SATURDAY, APRIL 12. Melanie Witkower can't get the visual for her presentation to open up within the one-minute setup period. The timekeeper tells her to get started. Three judges-who have gathered to select the winners in the RvD IDEA Awards competition-stare at her expectantly. Witkower walks up to the front and begins to present. One of her teammates waits nearby while the others anticipate a text message from her after the presentation. Witkower is eager to share Screen-Bridge's potential as a finalist and win the competition that comes with $10,000.
"We won no funding from the RvD IDEA Awards, but to my surprise it was not because of the technical difficulties," Witkower says. "Based on the feedback provided by the judges, it seemed that the concept did not resonate as we had anticipated. In fact, my notes contain remarks like 'Could this be a fad?' regarding the growth of social media. My takeaway from that experience comes in two parts: one is to be confident in what you know because a visual is helpful, but what you say is most important. The second takeaway is to not take every critic's words to heart because sometimes they are not experts in your market."
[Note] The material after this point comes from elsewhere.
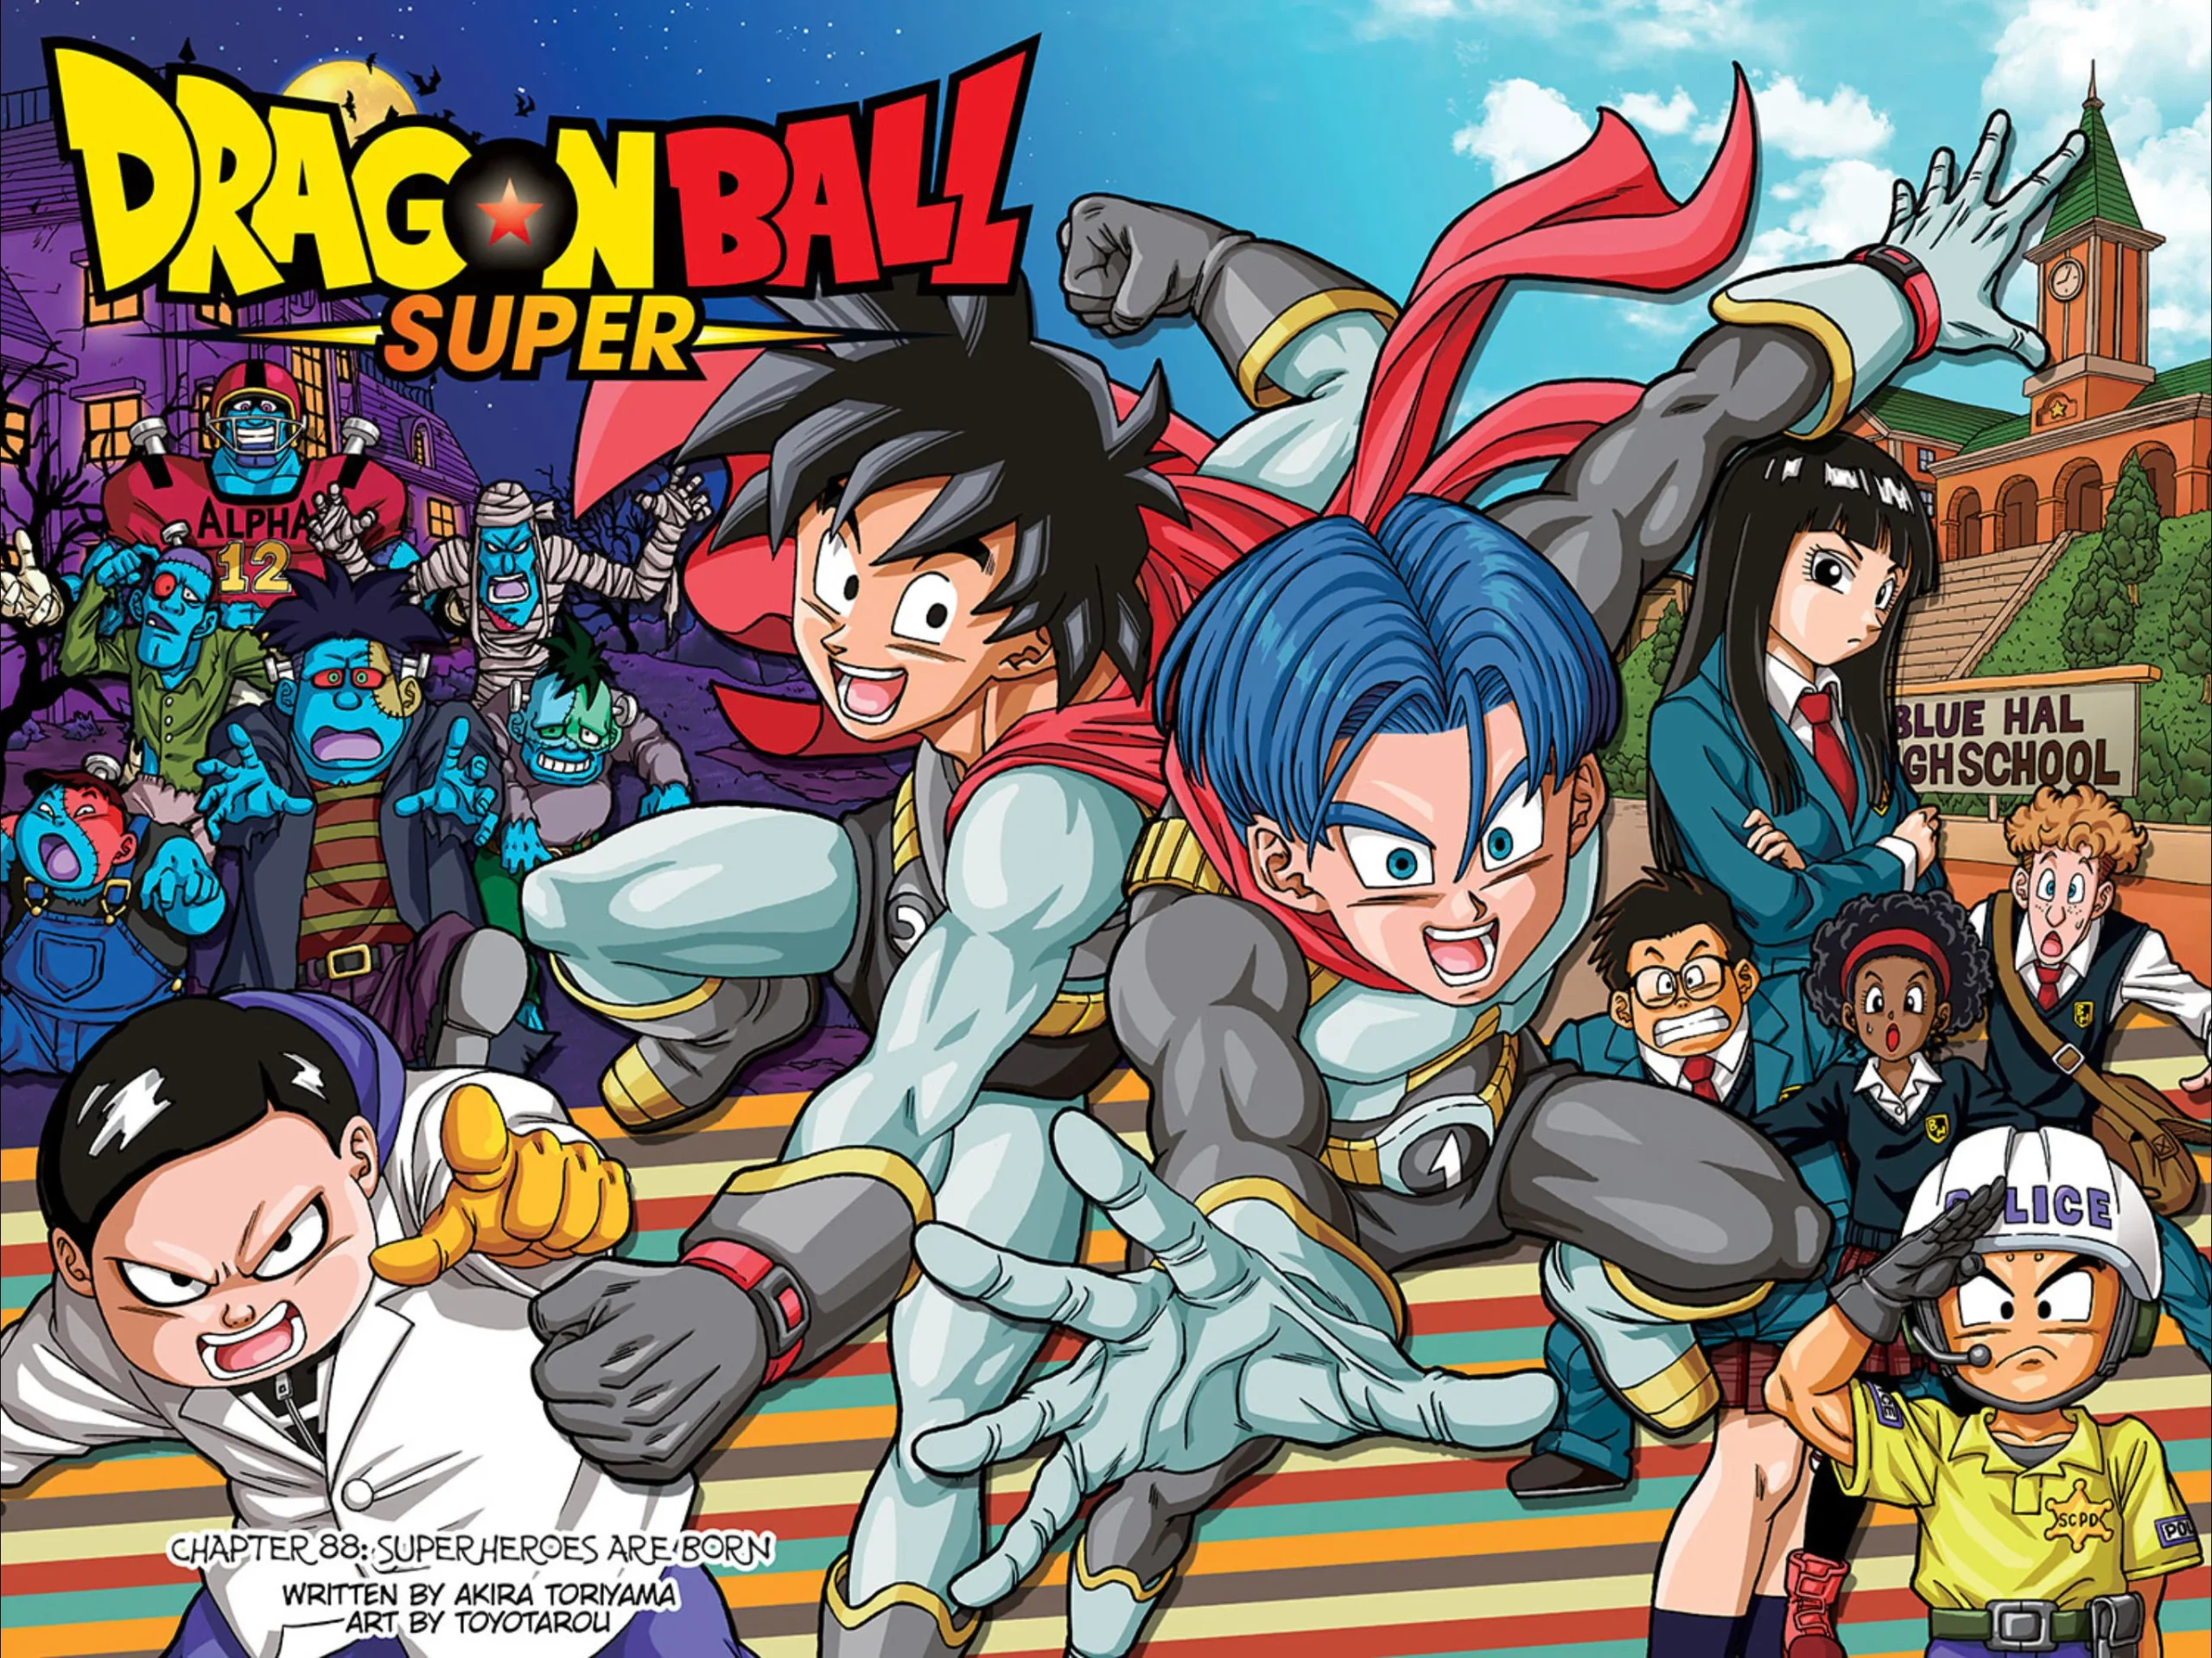 Divulgadas novas imagens da nova edição do mangá em cores de Dragon Ball -  Crunchyroll Notícias

The possibility of cold hard cash made the trial worthwhile. It was also a good warm up, as Witkower and her team competed in another competition the same day-two hours later. Their hopes in winning twice as much money to help fund Screen-Bridge, plus prizes, motivated them to enter the Panasci Business Plan Competition at the Whitman School of Management. The stakes included $20,000 in cash and prizes. However, the prize money is almost incidental. Entering the competition includes mentors that give invaluable feedback and a night course that met once a week for three hours to explore the different elements in more detail.
With nearly 40 entries, 16 companies were picked to create 15-minute pitches for judges in a Shark Tank-style competition. After the first day of competition, five teams were selected as finalists, including Screen-Bridge, and moved forward to the next day and a new set of judges. That evening there was a ceremony, awarding Screen-Bridge first place and $20,000.
"I know plenty of startups that are thriving, and they have never written out a business plan; however, after creating one to enter the competition, I realized its true importance," says Witkower, who is a recent graduate of Syracuse University. "If you cannot talk about every single part of your company with ease and detail in front of a judge, investor, or client-you are unprepared. Nobody is going to know your company better than you, so take the time to understand everything from the smallest details in year five to what needs to get done today."
Witkower didn't have a formally written business plan when I interviewed her for the Social Media Today social startup column. So I was glad when she reached out to me to share Screen-Bridge's win. It was the perfect opportunity to spread the good news and updates about the startup that creates high-quality, unique social content for TV shows. Plus, I asked Witkower to share business lessons she's learned thus far:
1. What is the first thing to do with a business idea?
When you have an idea, write it down and talk about it," Witkower says. "Encourage as many people as you can to poke holes in your concept, because if those potential issues are ignored, they will likely be much bigger problems down the road.
2. What is your advice when it comes to social media and analytics?
In terms of looking at analytics, it is vital to be using data that is accurate and detailed. Screen-Bridge depends on these numbers to understand trends and create insights for television series. As for the bigger picture, do not take the numbers so literally that you forget to listen to your audience. Quantitative data is not the only way to measure value.
3. What challenges are you facing and what's your plan to solve them?
When we talk about the massive way media consumption is changing, we meet tons of skeptics. It is our job to educate those people about how this change is happening and why it is important for everyone to pay attention to the new ways a story can be communicated. We plan on teaching this through action. Screen-Bridge is a big idea that is far beyond a service or product-we are trailblazing the future of the entertainment industry.
The morals of Witkower's story
- Believe in your business because it will come across when you talk about it and in your body language-whether it's in front of a crowd or on an elevator with someone.
- Keep your heart out of your business so you don't take critics' opinions personally. Remember, their comments are not about you, they're about your company. Keep in mind that the feedback is to help not hinder, and always consider the source (i.e., Are they experts in your industry?).
- Be able to discuss every detail of your business. It shows prospects, investors, and clients you're prepared for what's to come today, tomorrow, and years from now.
- Listen to your audience; not just the numbers. Don't multitask, focus, and ask questions.
- Educate your audience. They may not know what they don't know. It's your responsibility to teach them about your industry and company, and why it should matter to them.
These lessons will serve the Screen-Bridge team for years to come. And the $20,000, will allow the social startup to buy its own production equipment instead of depending on rentals. Additionally, they have begun creating a minimally viable product of a platform that will aid their entire internal communications process.
"Our team has actually grown since we last spoke. Adam Reynolds recently moved from our Advisory Board to a more active role as our Chief Operating Officer. We also have brought on Justin Dorsen, another recent graduate of Syracuse University with a passion for social television, as our Director of Communications," says Witkower, the dual major in television/radio/film and marketing.